Once the pictures are set aside, reproduce the remaining data exactly.

**Collected material:**
══════════════════════════════

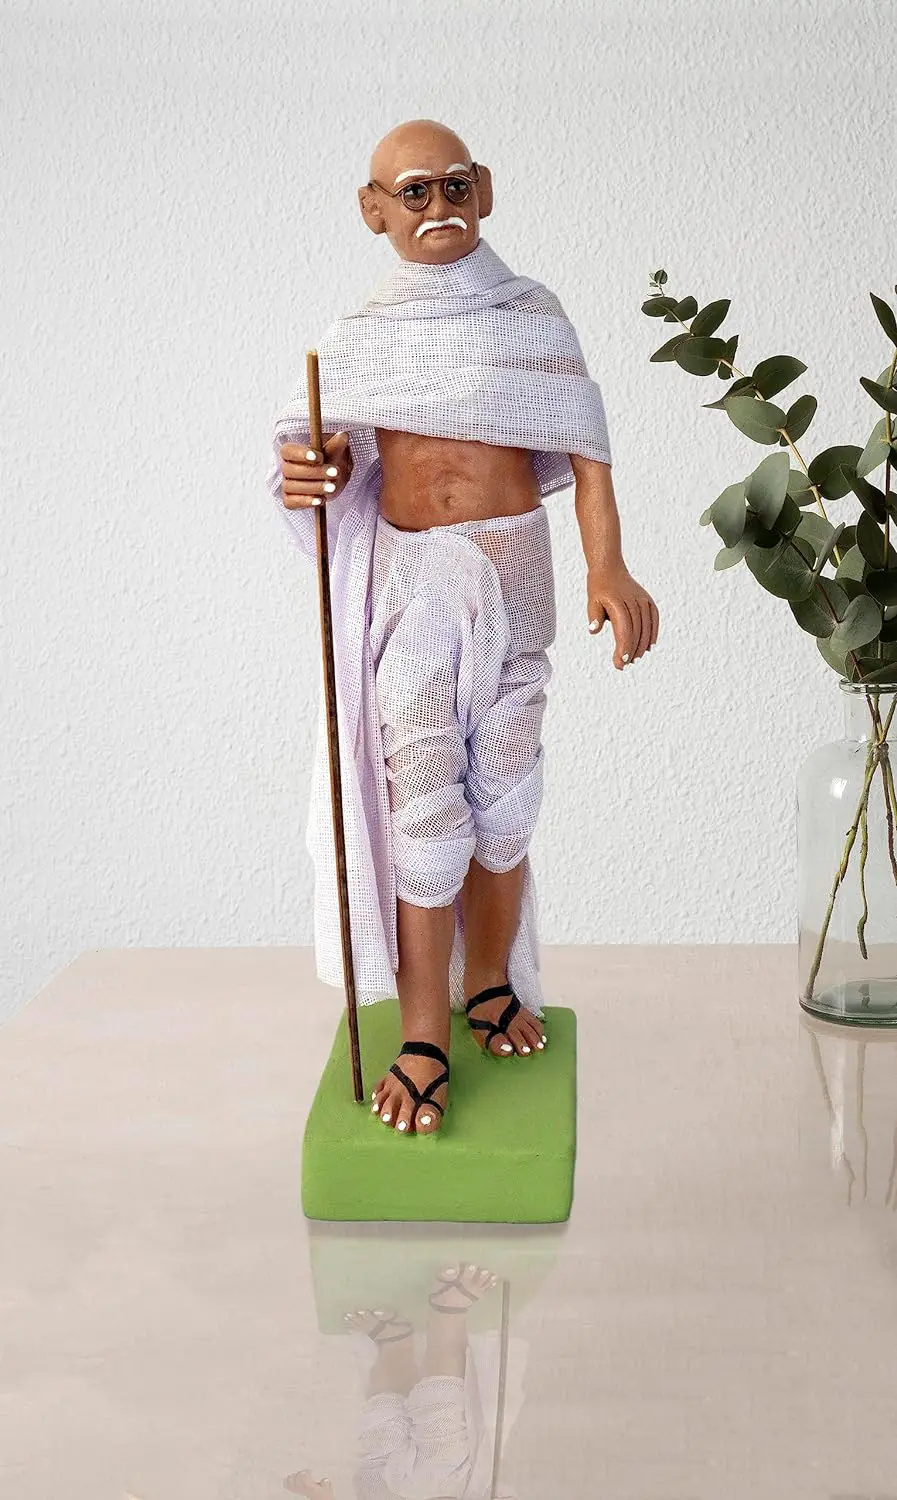 Handmade-Clay-Human-Figure-Gift-Decor-Mahatma-Gandhi
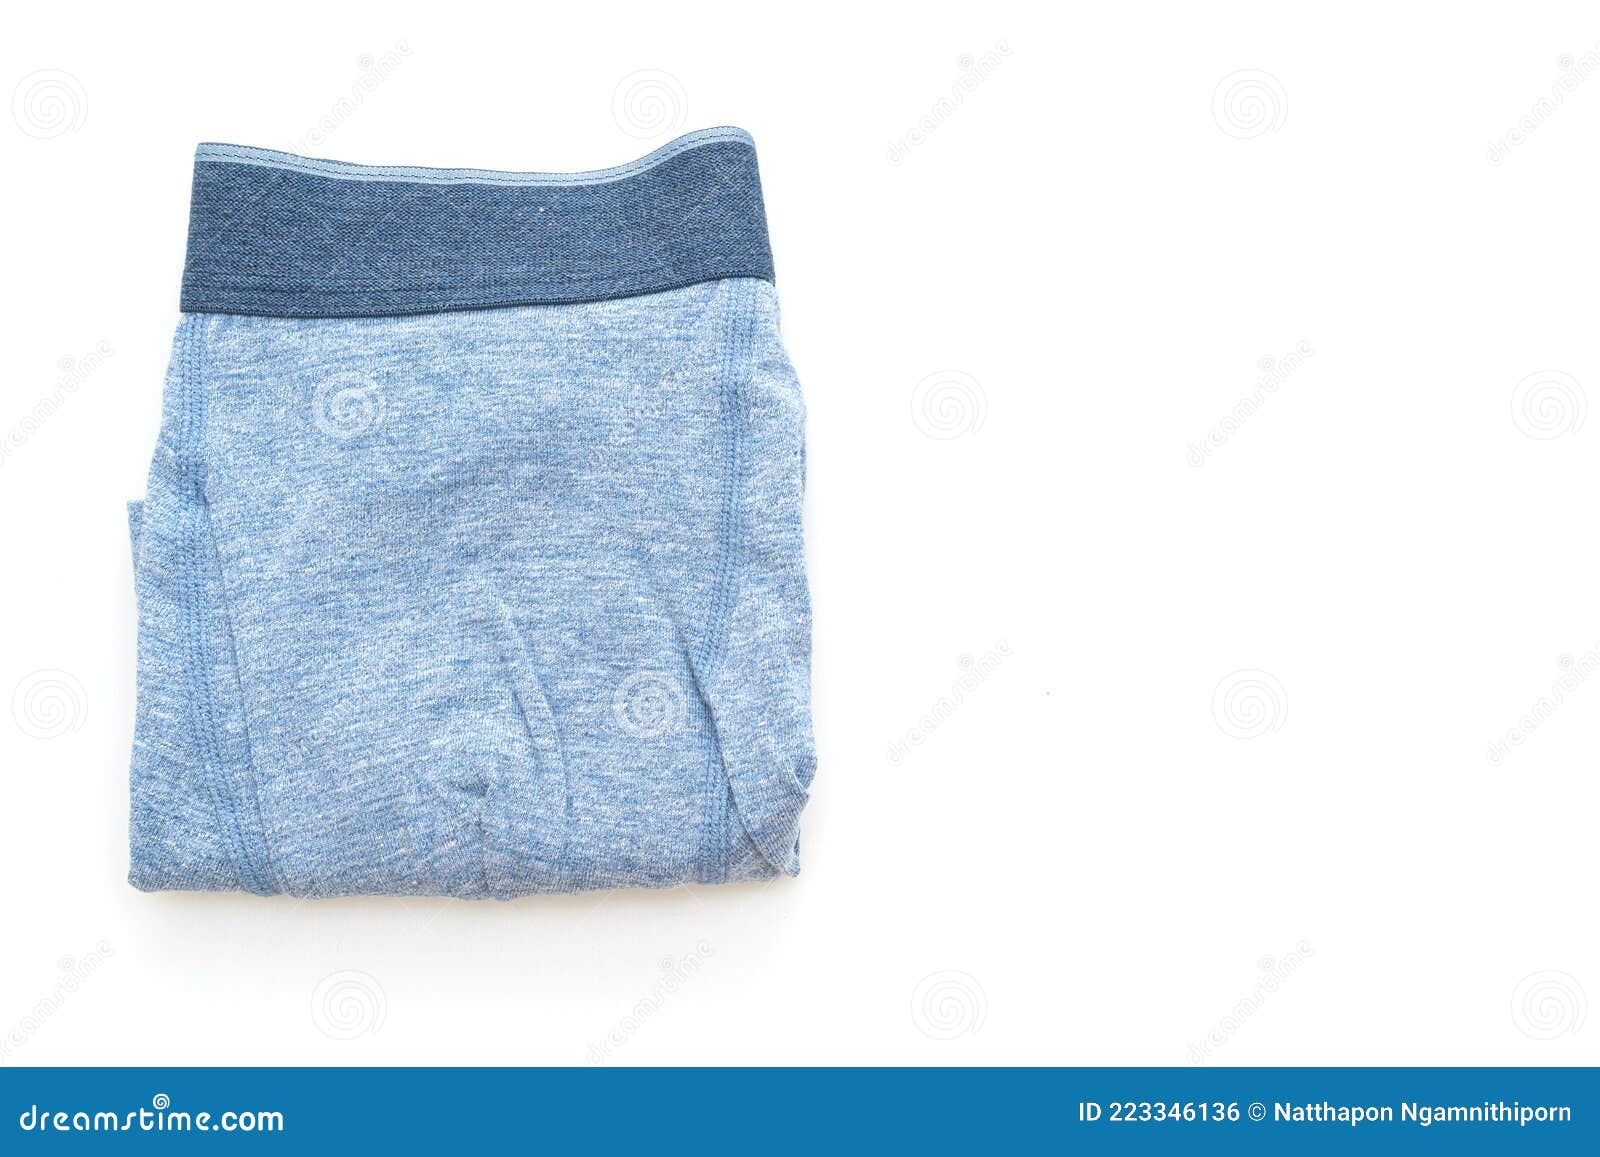 Blue Men Underwear on White Background Stock Photo - Image of ...
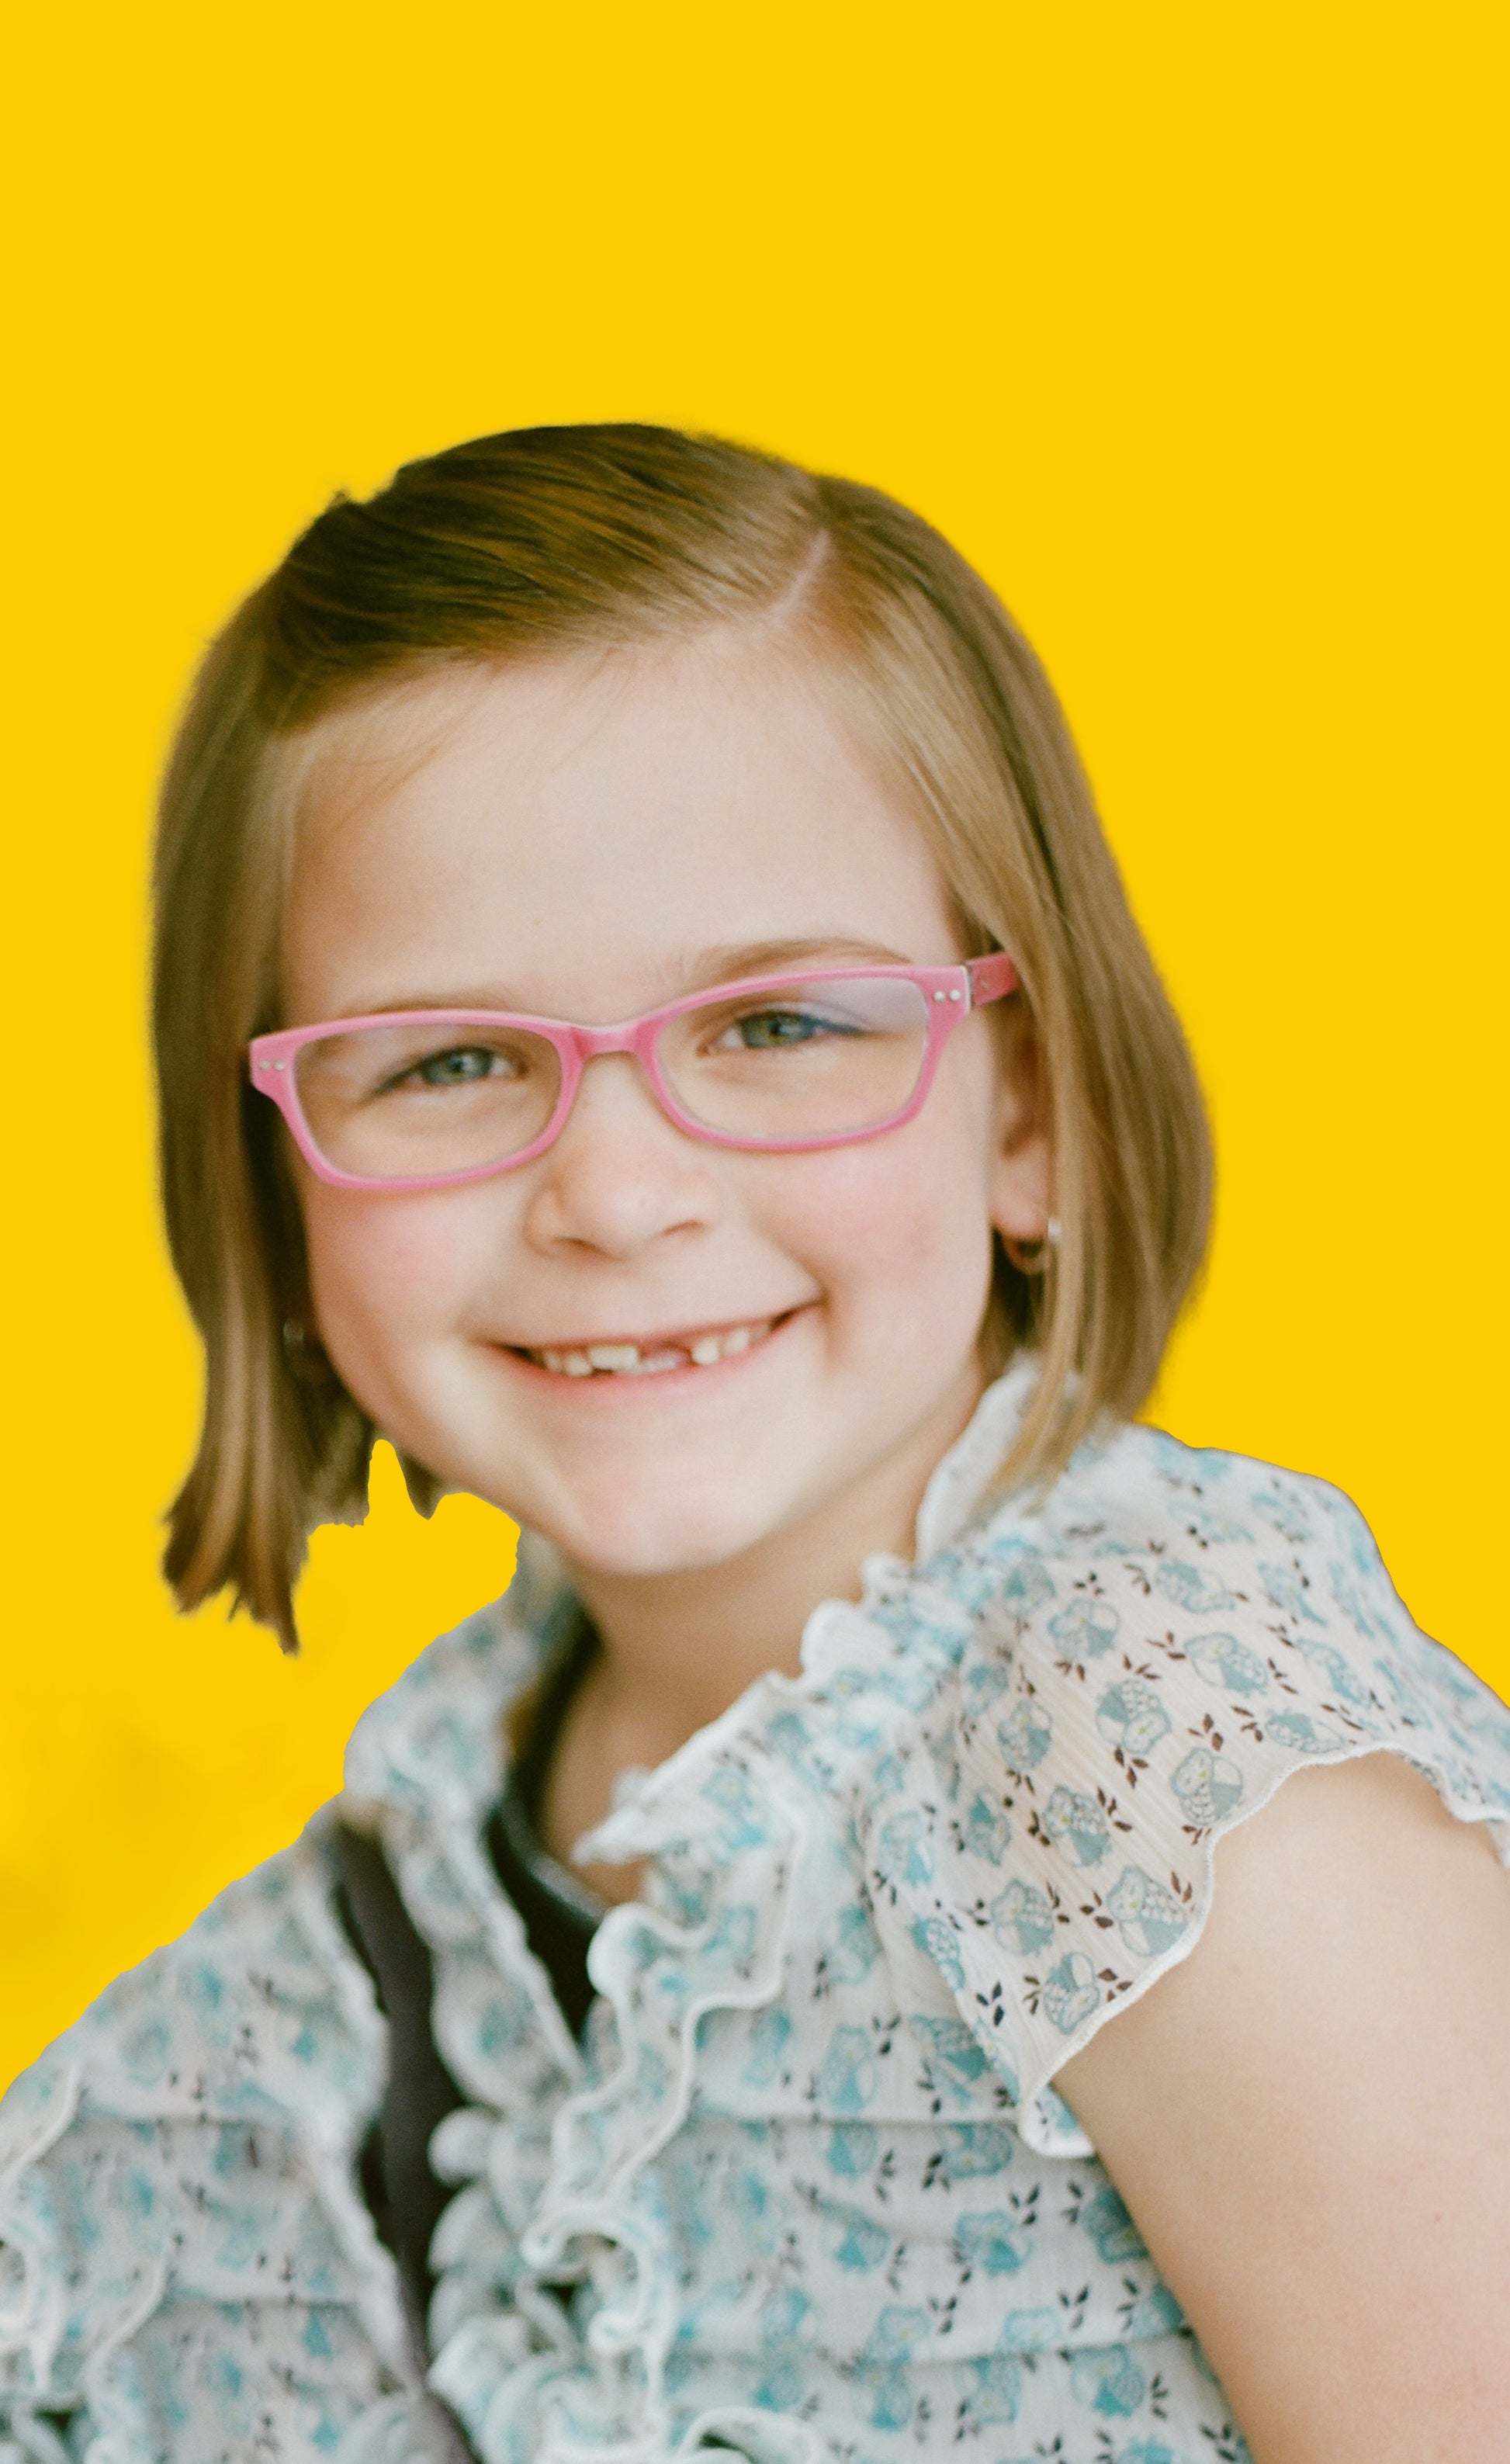 Buy 1 Get 1 Free Kids Round Blue-Black Frame KZ-303-B36 - Jubleelens: Eyeglass Jubleelens: Eyeglass

══════════════════════════════

**Response area:**
 Handmade-Clay-Human-Figure-Gift-Decor-Mahatma-Gandhi
 Blue Men Underwear on White Background Stock Photo - Image of ...
 Buy 1 Get 1 Free Kids Round Blue-Black Frame KZ-303-B36 - Jubleelens: Eyeglass Jubleelens: Eyeglass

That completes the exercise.